An Industrial Policy for Manufacturing? Count Me Skeptical.

Elizabeth Warren unveiled her plan for “economic patriotism” yesterday. Here’s a taste:

Some people blame “globalization” for flat wages and American jobs shipped overseas. But globalization isn’t some mysterious force whose effects are inevitable and beyond our control. No — America chose to pursue a trade policy that prioritized the interests of capital over the interests of American workers. Germany, for example, chose a different path and participated in international trade while at the same time robustly — and successfully — supporting its domestic industries and its workers.

This isn’t really true at all. Germany succeeded by exercising decades of “wage restraint,” an implicit deal in which German workers accepted lower wages as the price of merging with East Germany and competing on the global stage. A recent paper shows what that looks like:

Obviously you can make a case that this was a worthwhile tradeoff.
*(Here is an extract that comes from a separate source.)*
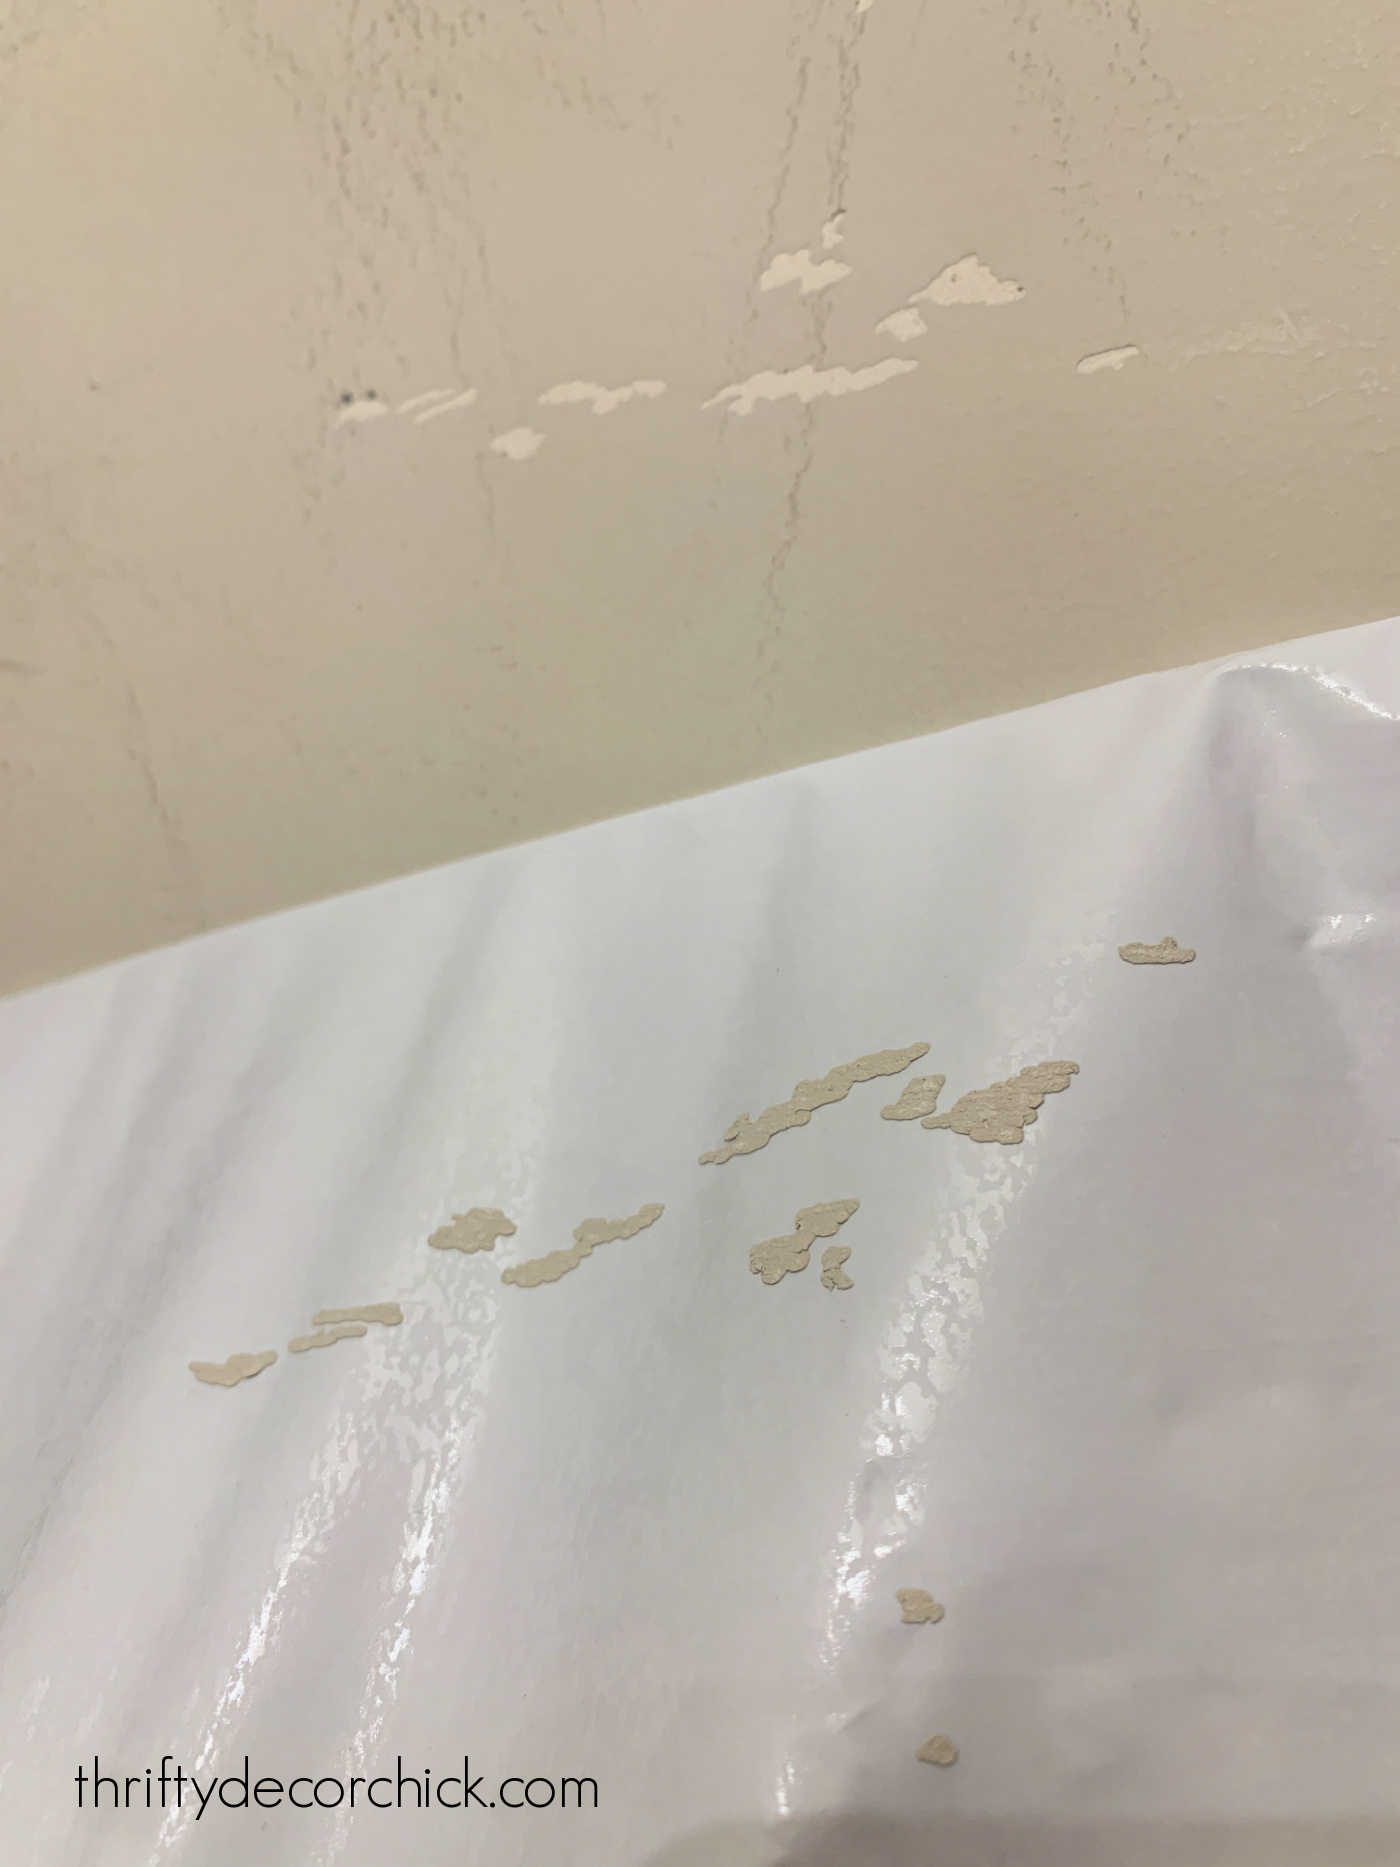 Drywall damage sticky wallpaper

But make no mistake: it’s a tradeoff that hurt working-class wages so that business owners could sell more stuff to other countries—precisely the kind of thing Warren is criticizing. The authors of the paper explain how it happened: “The share of German workers covered by any kind of union agreement has sharply declined, and the number of firm-level deviations from industry-wide union agreements has sharply increased since the mid 1990s.”
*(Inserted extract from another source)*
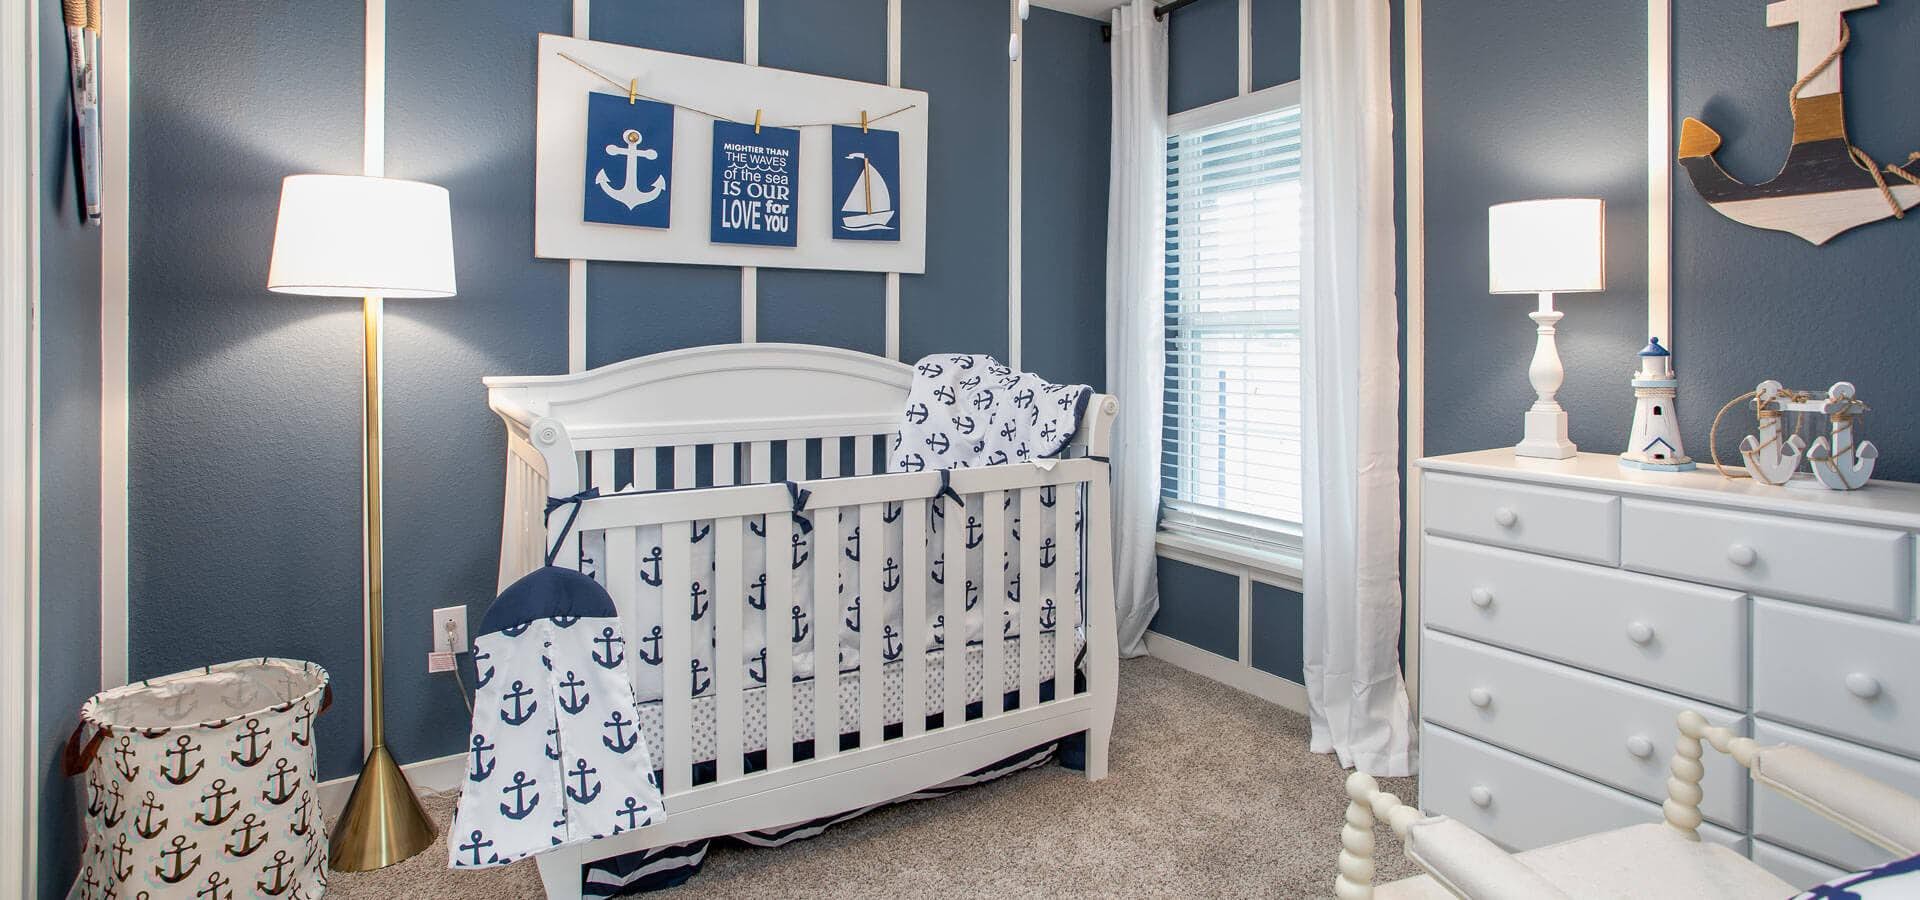 Children's room at Ridgewood community by Highland Homes

This may seem like a piddly criticism, but it’s not the only thing to dislike in Warren’s plan. For one thing, it never even mentions labor unions as a way of helping American workers. She correctly notes that flat wages didn’t “just happen”—they’re the result of deliberate policies that favored capital—but doesn’t take the next step and explain that the destruction of unions was one of those very deliberate policies.

Then there’s the whole idea of an industrial policy that favors manufacturing in the first place. Do we really want one? A hundred years ago, trade policy designed to focus less on exports of raw materials and focus more on exports of manufactured goods was the way to go from being a poor country to a rich country. Today it’s not. It’s the way to go from being a poor country to a middle-income country, which is why China has adopted it. The road to being a rich country runs through the knowledge industries. This is why the United States gave up on manufacturing long ago:

China may have taken manufacturing jobs from us after they joined the WTO, but as you can see, the effect was pretty small. They merely added a bit of a tailwind to a gale that was already blowing. What’s more, the damage is over and done. Even if it was a mistake to cede the manufacturing stage to China, it’s a mistake two decades in the past that can’t be remedied now.

So even if we want an industrial policy at all—a dubious proposition—we really don’t want an industrial policy focused on manufactured goods.

This is an example of why I’m becoming more dubious of Elizabeth Warren. It’s one thing to hang your hat on having a plan for everything, but if you’re going to do that then your plans should be well thought out. Increasingly, I’m not sure they are.